2.(x⁴ - 8x² - 1) = 0

x⁴ - 8x² - 1 = 0

x⁴ - 8x² = 1

x⁴ - 8x² + 16 = 1 + 16

(x² - 4)² = 17

x² - 4 = ± √17

x² = 4 ± √17 → a square cannot be negative

x² = 4 + √17

x = ± √(4 + √17)

• 2 months ago

First, remove the common factors

==> x^4 - 8x^2 - 1= 0

If you look closely at this, you will see that it could be considered a quadratic equation using x^2 and the base, rather than just x

so, substitute u for x^2

==> u^2 - 8u - 1 = 0

now solve for u

u = (8 +/- sqrt(64 + 4)/2

==> u = (8 +/- sqrt(68)/2

==> u = 4 + sqrt(17) or 4 - sqrt(17)

x = sqrt(u)

==> x = +/- sqrt(4 + sqrt(17)) or +/- sqrt(4 - sqrt(17))

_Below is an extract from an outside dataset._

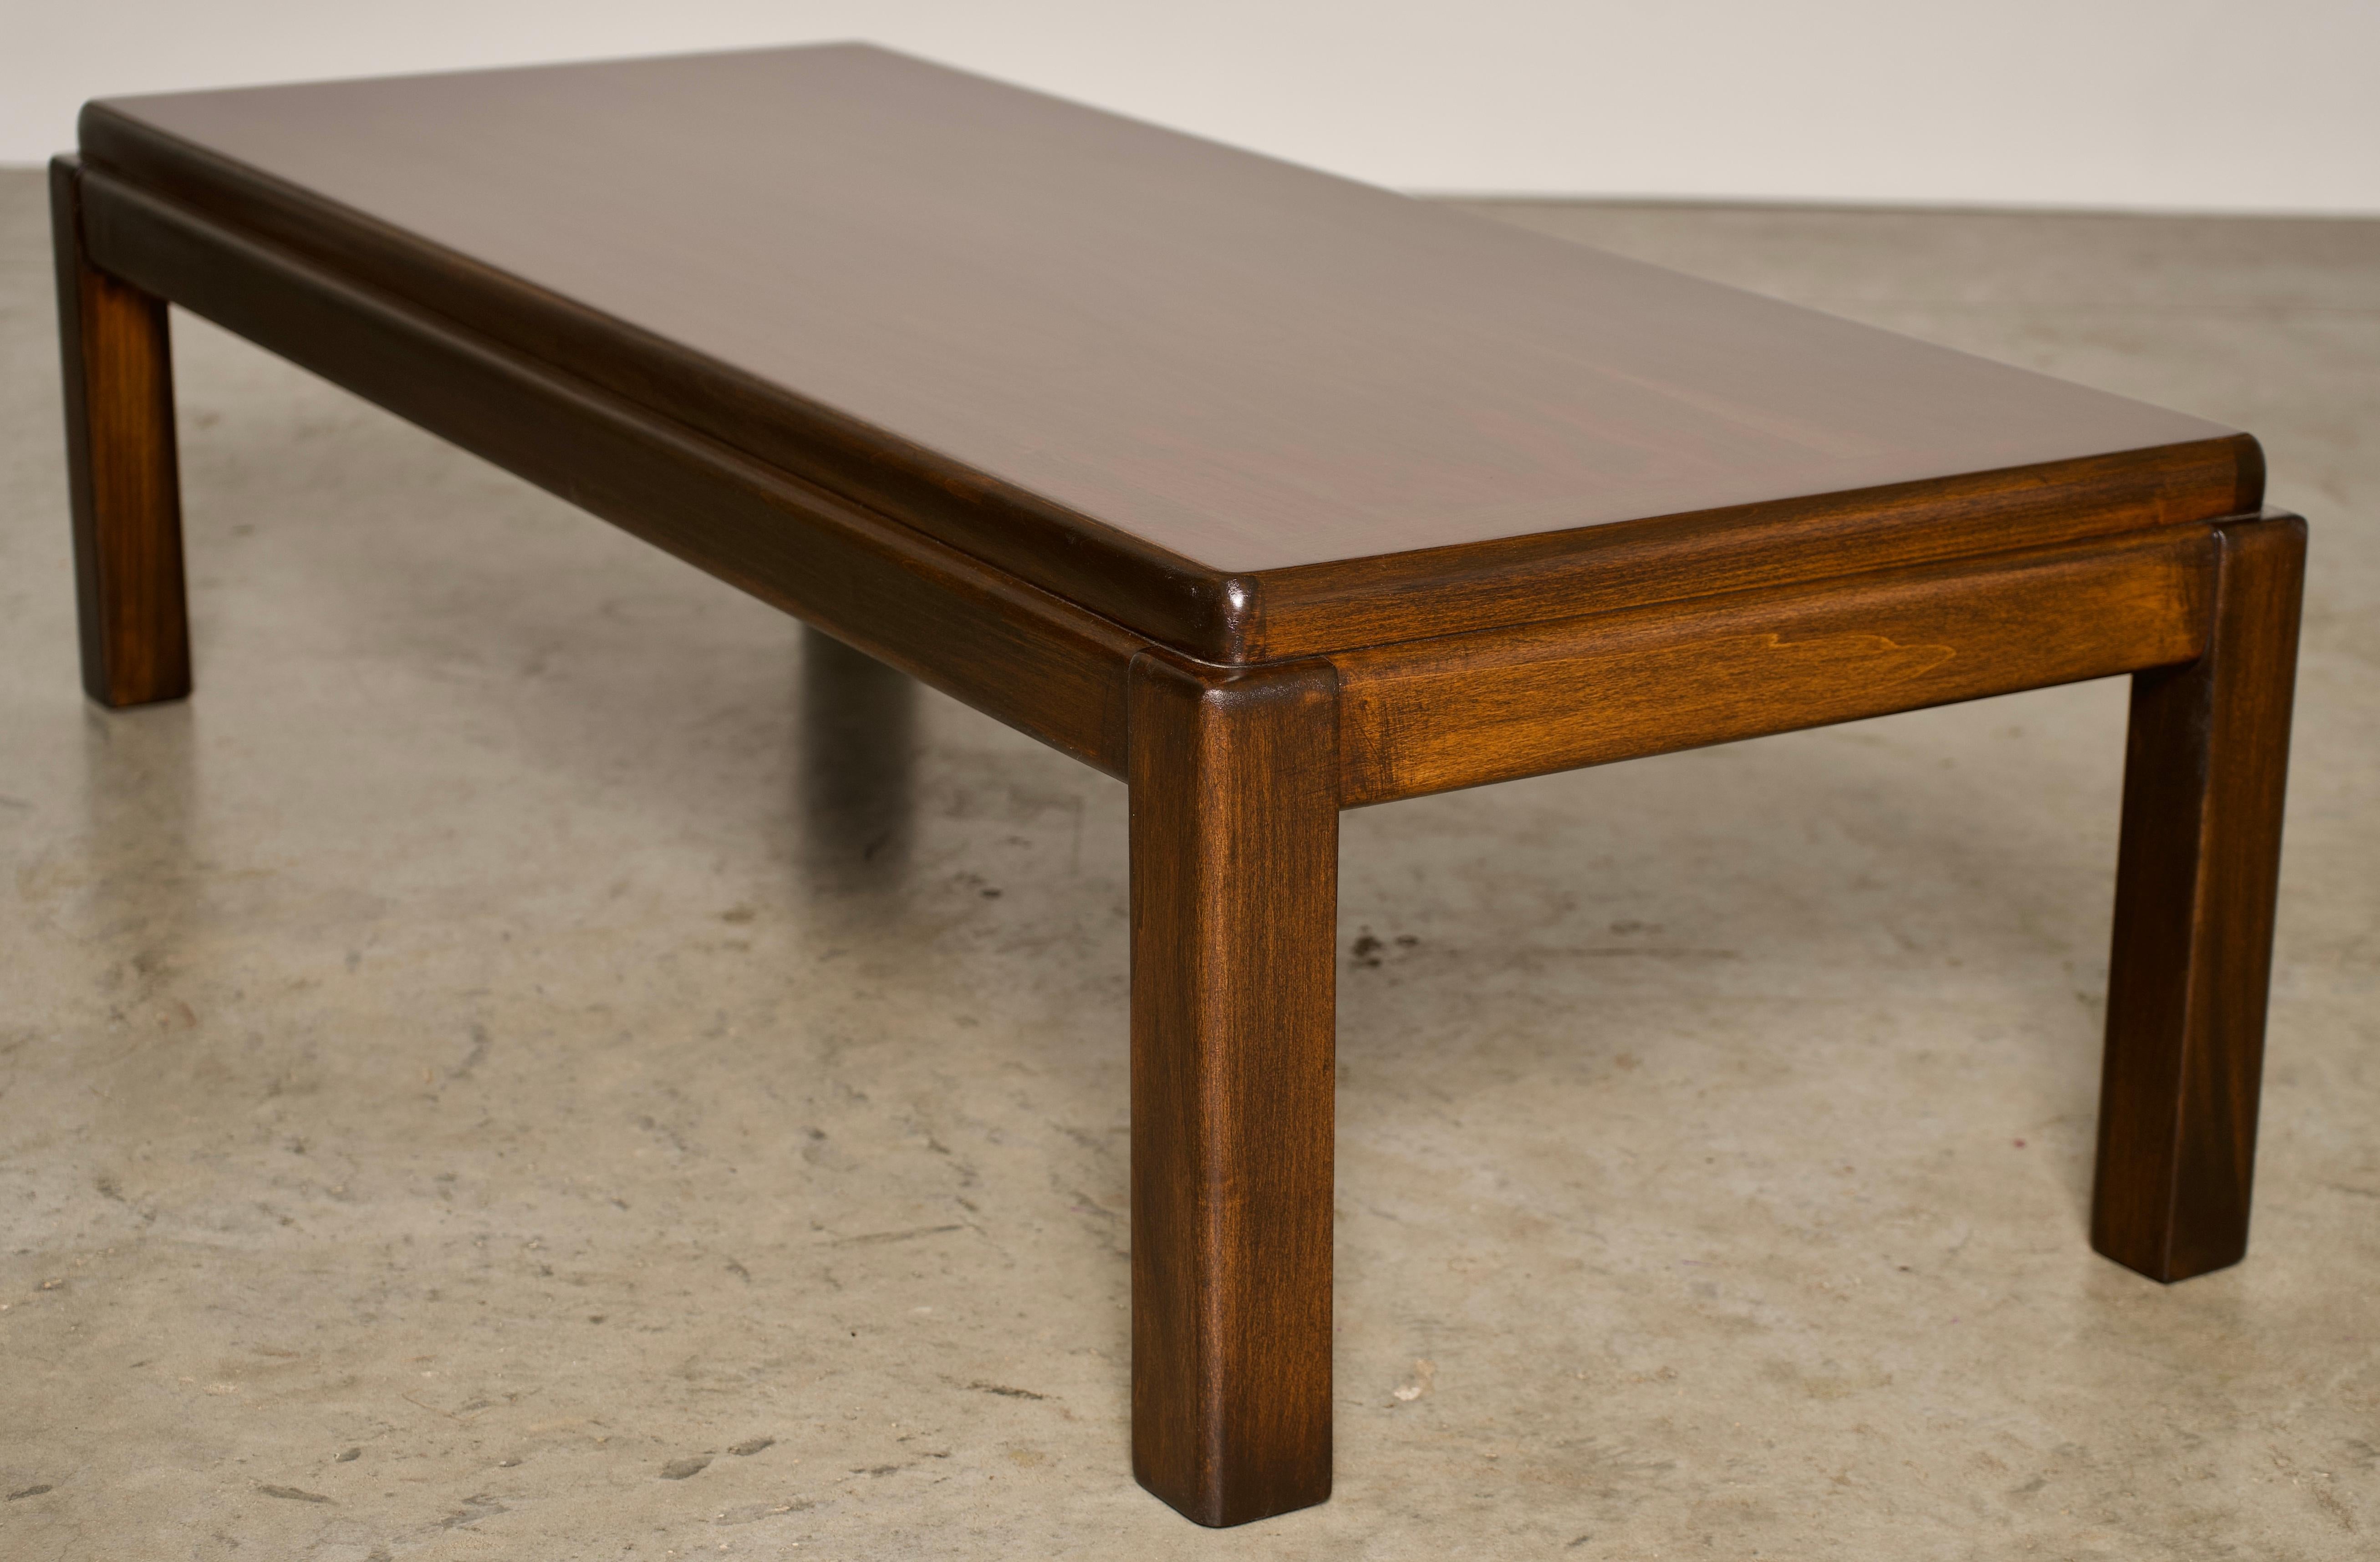 An American walnut rectangular coffee table made by Lane. This Mid-Century Modern coffee table in walnut was made in Altavista, VA by Lane Furniture, manufacturer from the early 1960s. It features simple, geometric lines and a sleek low profile. The

Note that sqrt(4 -sqrt(17)) is a complex number (sqrt(17)> 4)

so +/- sqrt(sqrt(17)-4)i where i = sqrt(-1)

• ?
Lv 7
2 months ago

2x^4 - 16x^2 - 2 = 0

2 (x^2 - 4)^2 - 34 = 0

Real solutions:

x = -sqrt(4 + sqrt(17))

x = sqrt(4 + sqrt(17))

Complex solutions:

x = -i sqrt(sqrt(17) - 4)

x = i sqrt(sqrt(17) - 4)

• 2 months ago

Presuming you want to solve for x:

2x⁴ - 16x² - 2 = 0

If we make this substitution:

z = x²

we get:

2z² - 16z - 2 = 0

We now have a quadratic that we can solve.  Let's simplify this by dividing both sides by 2, then I'll complete the square:

z² - 8z - 1 = 0

z² - 8z = 1

z² - 8z + 16 = 1 + 16

(z - 4)² = 17

z - 4 = ± √17

z = 4 ± √17

Now we can substitute back the expression in terms of x and solve for x:

x² = 4 ± √17

x = ± √(4 ± √17)

So we have four total roots.  Two of them are complex as 4 - √17 is negative.  The other two are real.